Je les reconnaîtrais entre milles – entre un million, s'il le fallait.
Je m'avachis un peu plus sur ma couverture.
Je les hais.
Je me hais.
La lumière défaillante projetée par les quelques ampoules sales forment des ombres dansantes sur les murs.
- Tas de tocards, je ne vous avais pas dit de me laisser tranquille ?
Rauque d'inutilisation, ma voix est forte, elle résonne dans la grande pièce vide de meubles et mal éclairée. La colère que je ressens est presque palpable tant elle est présente.
Je ne sais pas contre qui je suis en colère.
Contre eux, de venir me voir alors que je ne suis qu'un horrible monstre ?

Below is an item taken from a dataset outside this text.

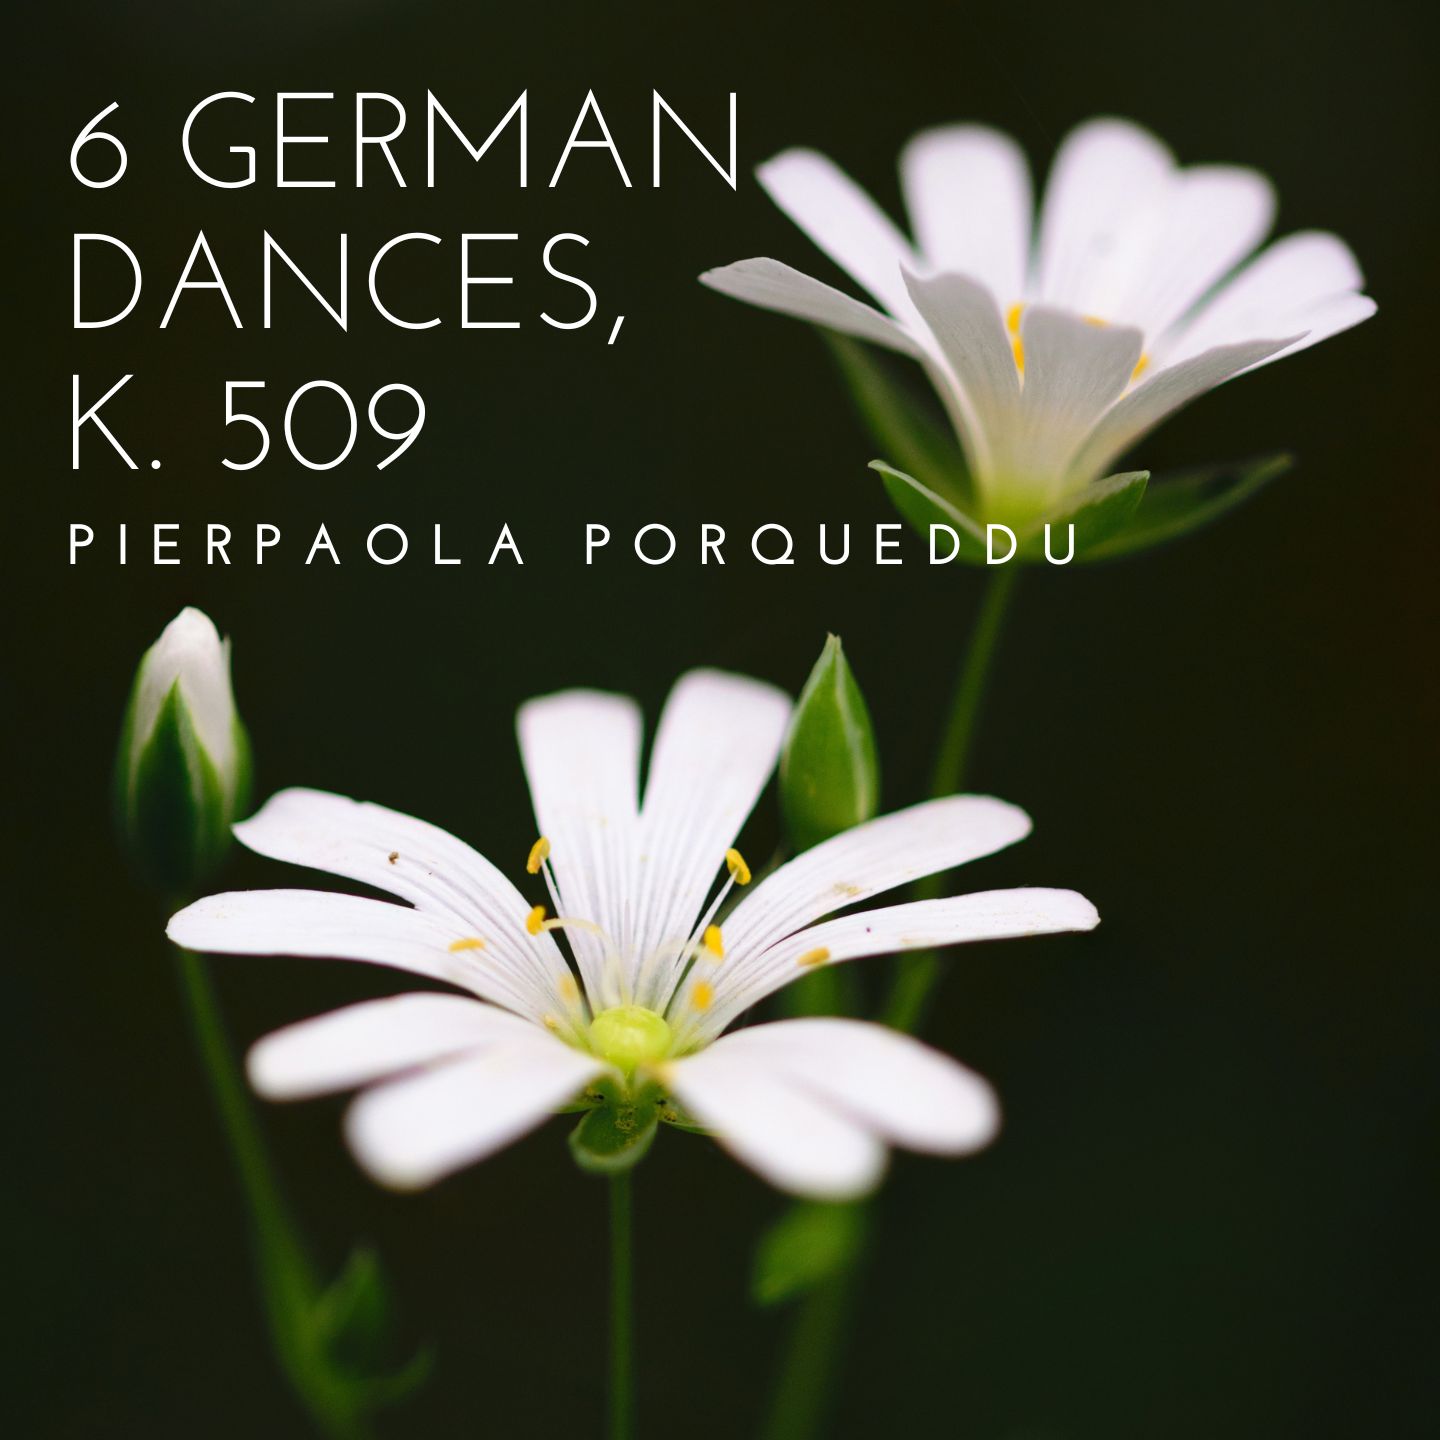 6 German Dances, K. 509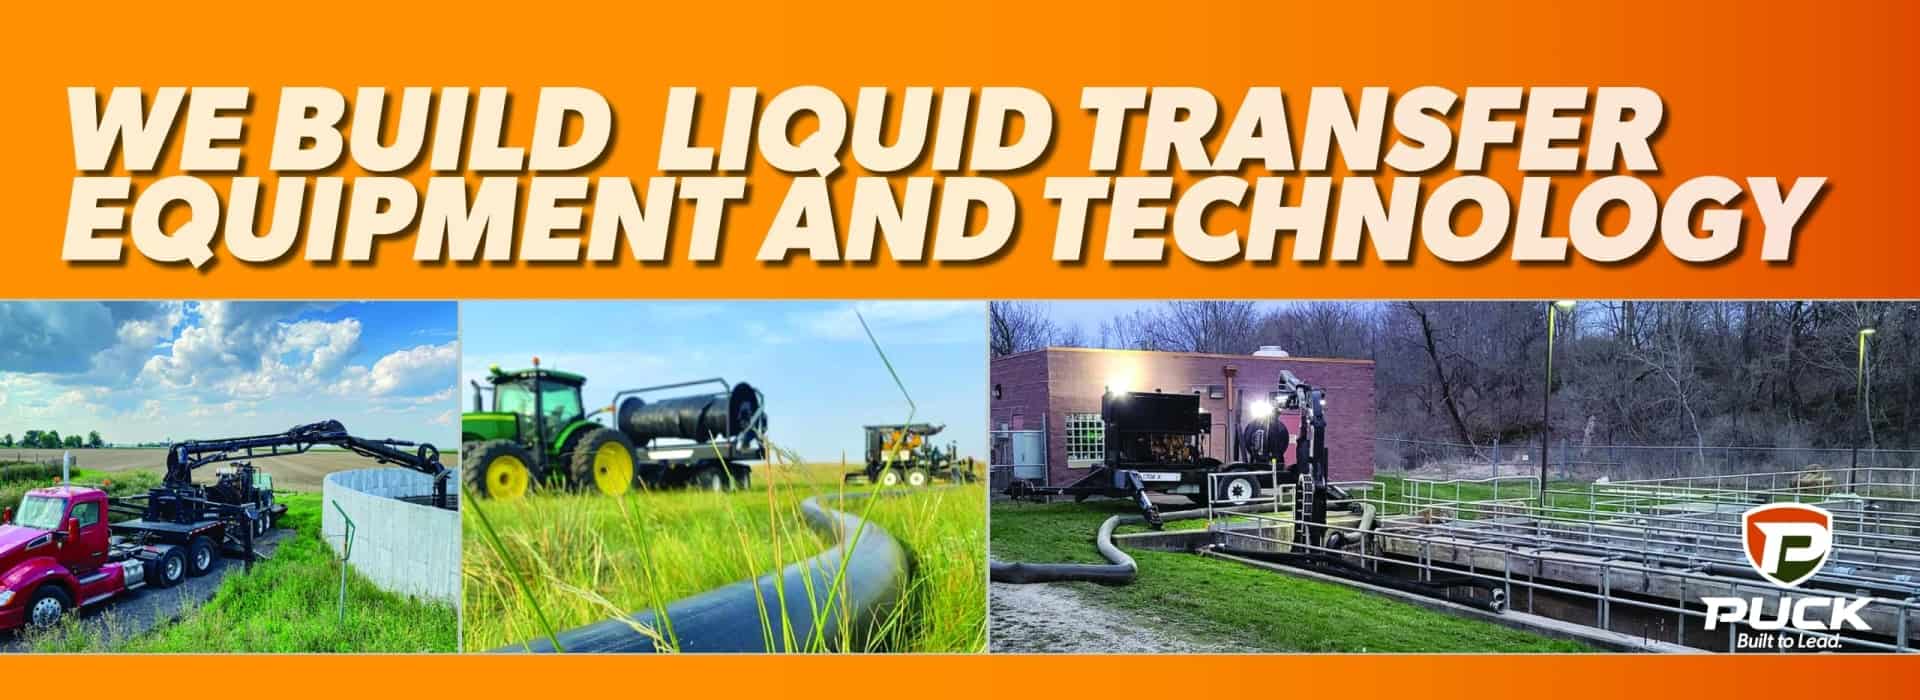 liquid and manure transfer equipment

Contre lui, car il n'a pas tenu sa promesse et car je l'aime toujours autant, même à moitié cinglé ?
Contre moi, d'être aussi dégoûtant ?
- Il faut qu'on te parle, me dit Minho en s'approchant.
Je ne me retourne pas.
Ils ne doivent pas me voir.
- Pas plus près, je lance à Minho, menaçant.
Il s'arrête net.
- Ces salopards ne m'ont pas amené ici sans raison. Ils me prenaient pour une saleté d'immunisé planqué dans ce foutu berg. Imaginez leur tête quand ils ont vu que j'avais la Braise. Il paraît qu'ils ont rempli leur devoir civique en me larguant dans ce trou à rat.
Avec la force du désespoir, j'ai réussi à aligner plus de deux phrases cohérentes.
Sans crier. Sans plaintes. Sans pleurer comme un gamin.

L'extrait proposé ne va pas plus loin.